I have been simulating errors on the bus by removing the other node (a motor controller). As expected I see a number of failed transmissions. I can see that the FDCAN peripheral signals an Active Error on the bus (presumably as a result of not getting an ACK). I use the IR.PEA flag to get an interrupt. I can see that the ECR register is incrementing on each error as expected. After 16 failures it reaches 0x00100080: ECR.CEL is 16 and ECR.TEC is 128. So far so good. My understanding is that the peripheral now enters the Passive Error state. I get an interrupt for this using the IR.EP flag.
The issue is that the device actually appears to behave as if it is in the Bus Off state. I can can send one message after the IR.EP interrupt. I get another IR.PEA interrupt and schedule the next message. But I get no more interrupts. I never see the IR.BO flag set. ECR remains at 0x00100080. Are there some other flags I should enable for failed transmissions in Passive Error state?
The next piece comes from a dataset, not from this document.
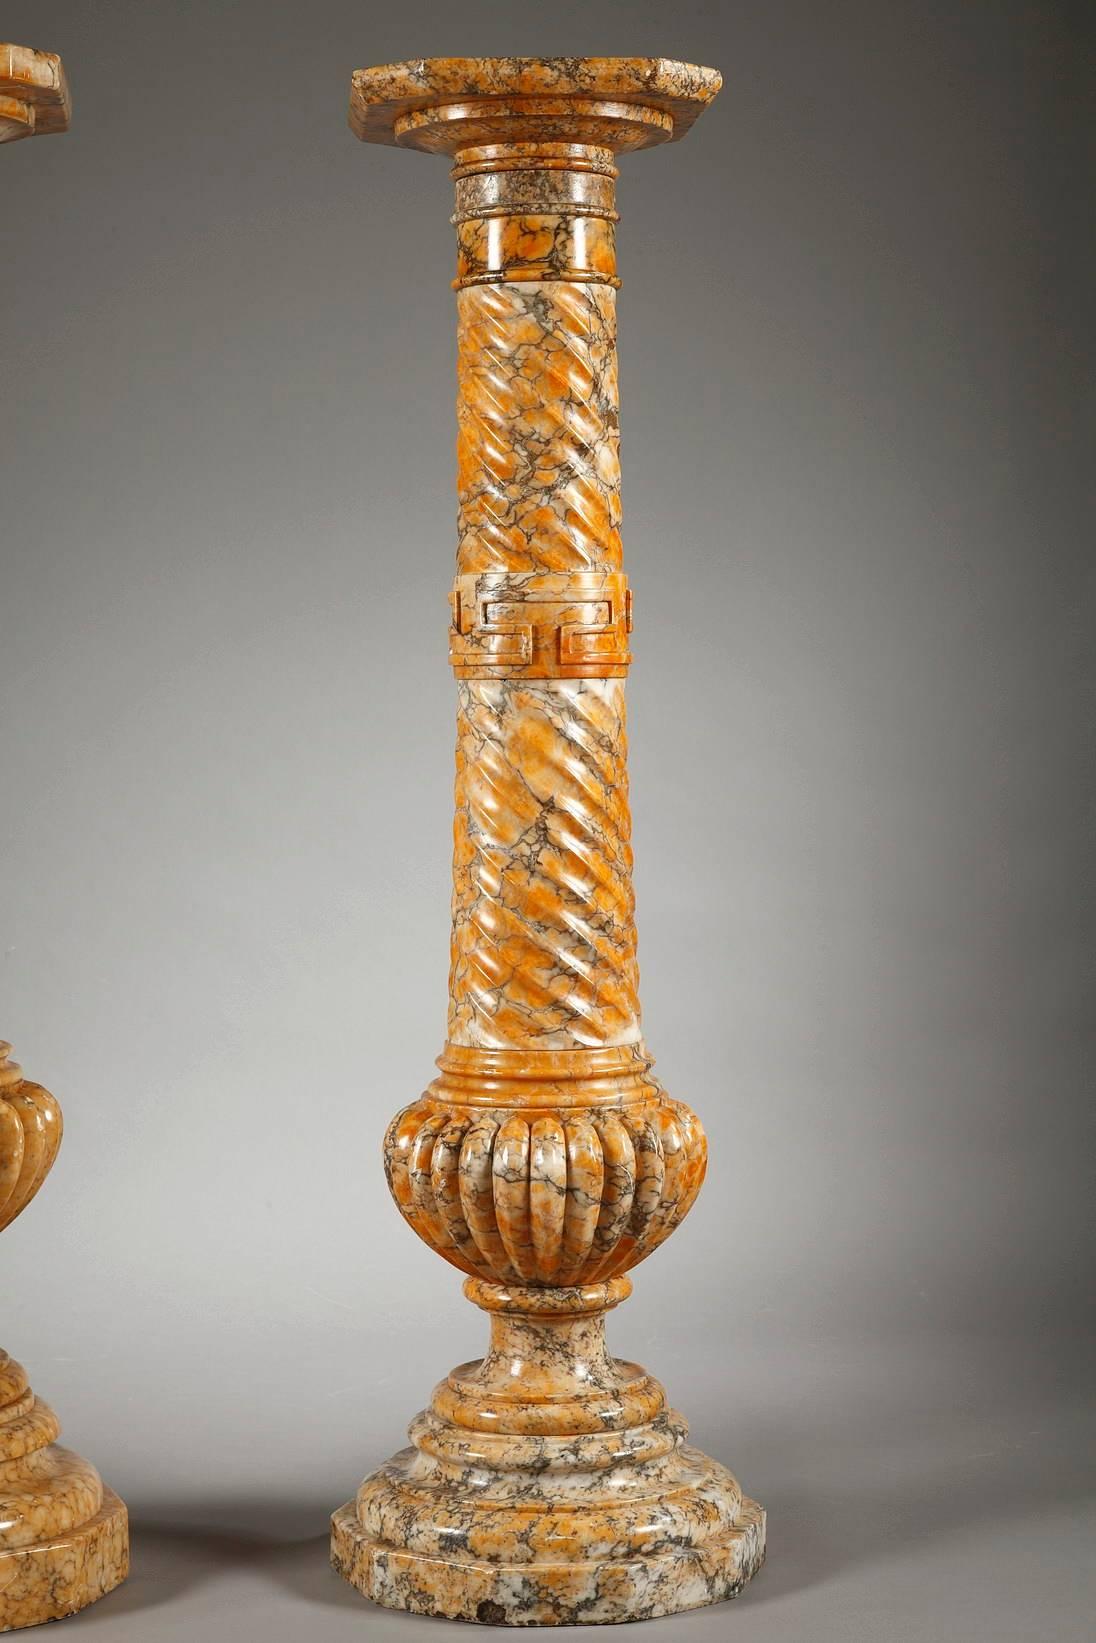 Two Spiraling Sienna Marble Columns (Spätes 19. Jahrhundert)

The only way I have found to recover is to hard reset the FDCAN peripheral in the IR.EP interrupt. From the documentation, I had expected to do this in the IR.BO interrupt. Note that I have CCCR.DAR set to prevent automatic retransmission: I don't know it that is relevant. The note in the Reference Manual about setting and resetting CCCR.INIT and waiting with bus idle for 129*11 bit times had no effect at all.
Though I am able to recover the bus now, I would like to understand what's going on in case it reveals a deeper problem in my code. Why is the peripheral not reaching the point where IR.BO is set?
I should add that I seen some quite confusing behaviour if I break on the interrupts. In this case, it seems I can send messages just fine. I see them marked with passive errors in my logic analyser (it shows "NAK" rather than "Error"). When debugging like this, it seems that the ECR does not increment. Is there some timing condition in the peripheral which could cause this? I understand there are two clock domains, so...